Hidden category: Articles with hCards. Toggle the table of contents. Sanneh in January 6, aged 76 United States.
Lamin sanneh autobiography definition
Scholar of missions and religious studies. History of African Christianity and a pioneer in the academic field of world Christianity. Missiologyreligious studies. He led numerous other initiatives, one being a flagship project on Religious Freedom and Society in Africa. It seeks to resource academic institutions in the advanced study of religion through curricular design, faculty development and research.

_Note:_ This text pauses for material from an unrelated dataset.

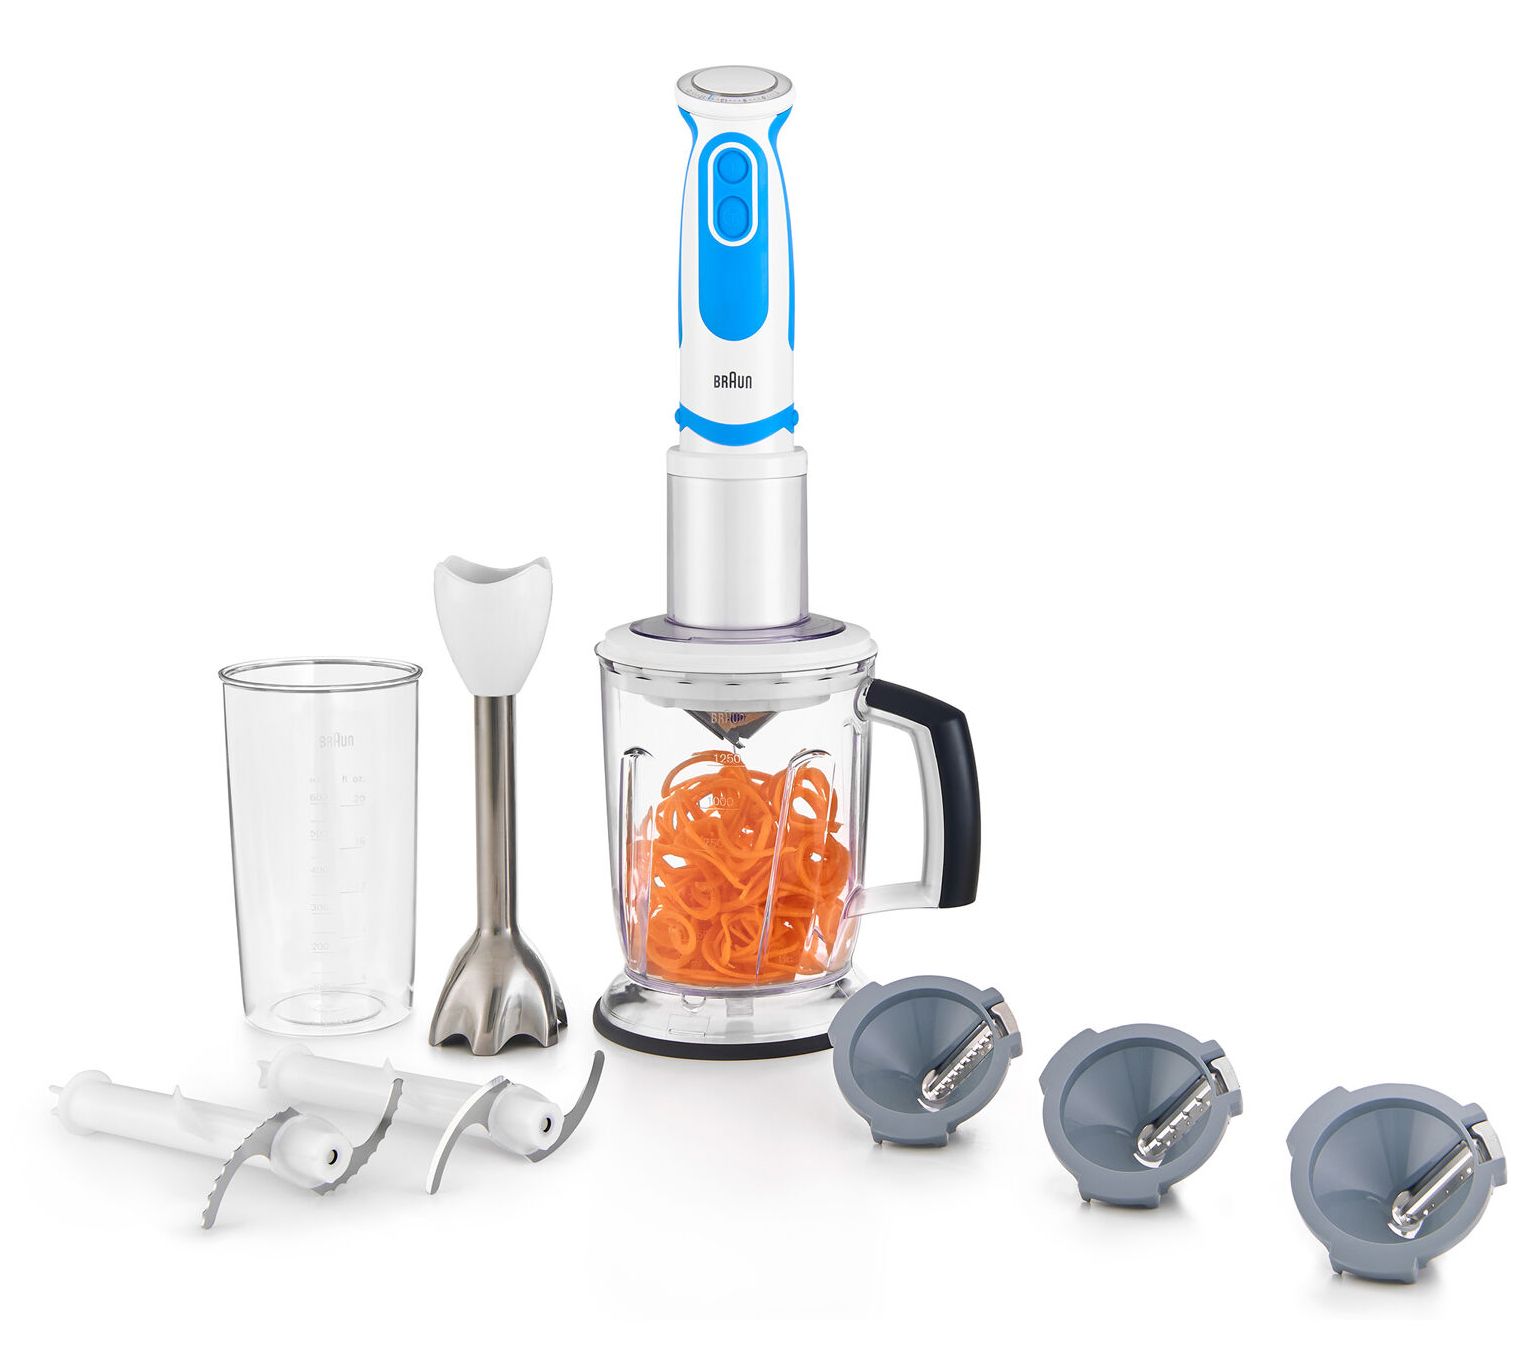 Braun MultiQuick 7 Smart-Speed Hand Blender with 6-Cup Food

Sanneh also had an impressive record of publications as author, editor, or co-editor of books, monographs, and peer-reviewed journal articles. In it and related essays, Sanneh dissociates Christian mission from the ideological claim that missionaries were imperial agents, and mission work was an extension of the colonial empire. Much of the colonized world had achieved independence in the late s and the s.
In the immediate post-colonial backlash, it was argued that mission work was the willing instrument of colonial administrators and settlers. Missionaries had been set loose to introduce a false piety, weaken resistance, and prepare natives to acquiesce to colonial control. As agents of western cultural alienation, they enabled settlers to annex African land with ease.

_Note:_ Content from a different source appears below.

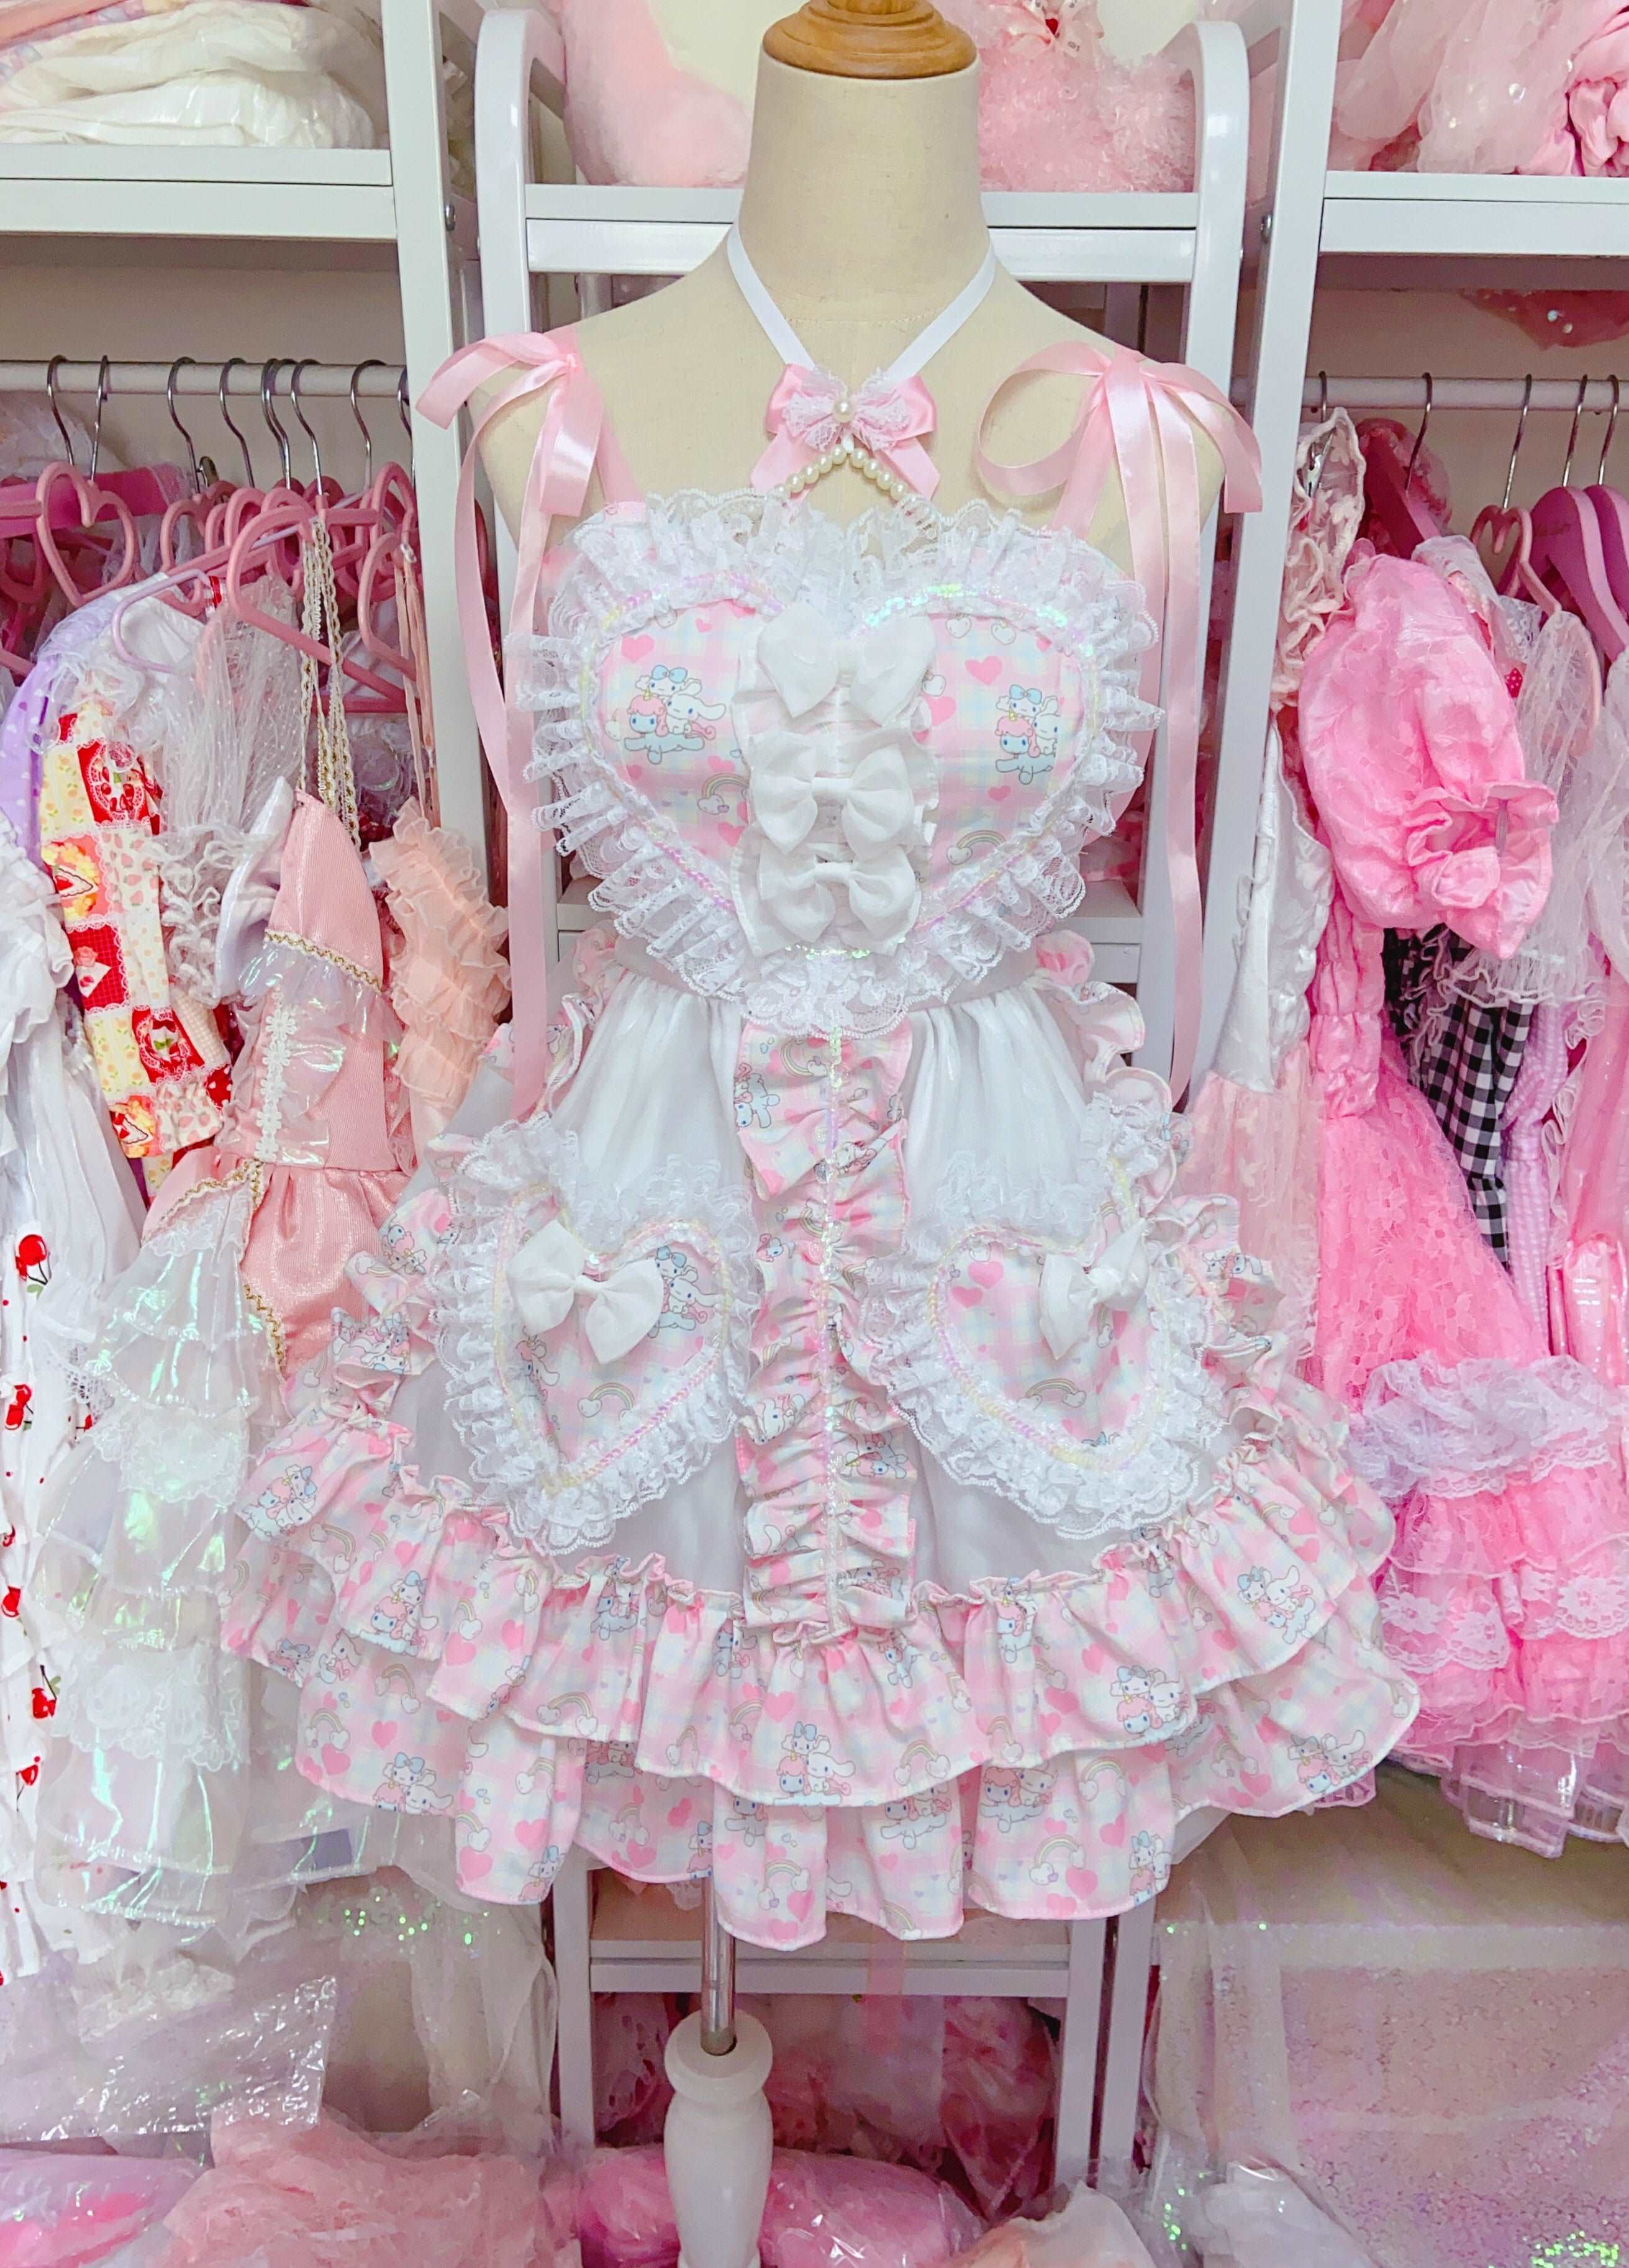 Candy Fairy Cinnamon Dog Pink White Frill Lace Maid Strap Dress

By the late s through the s when Sanneh was coming up in the academic ranks, Western liberal academia had joined this vitriolic censure of missionary work. Among mainline church circles, the shadow of this censure exacted a heavy price of guilt on mission agencies. Educational institutions, hospitals, and development initiatives that had been founded by missionaries were facing lethargic malaise in their diverse social roles.
A caustic attitude in African churches that were founded by missionaries hampered religious enthusiasm and conversion. Sanneh adds a biographical note to the dilemma when he tells how both a Methodist and a Catholic missionary were reluctant to baptize him when he chose to convert from his Muslim faith into Christianity. All that negative characterization of Christian mission was not only paralyzing the spread of the gospel in Africa but also dismissing the real significance of hundreds of years of Christian mission across Africa and elsewhere.
Sanneh turns the narrative of missionary complicity in the colonial project on its head.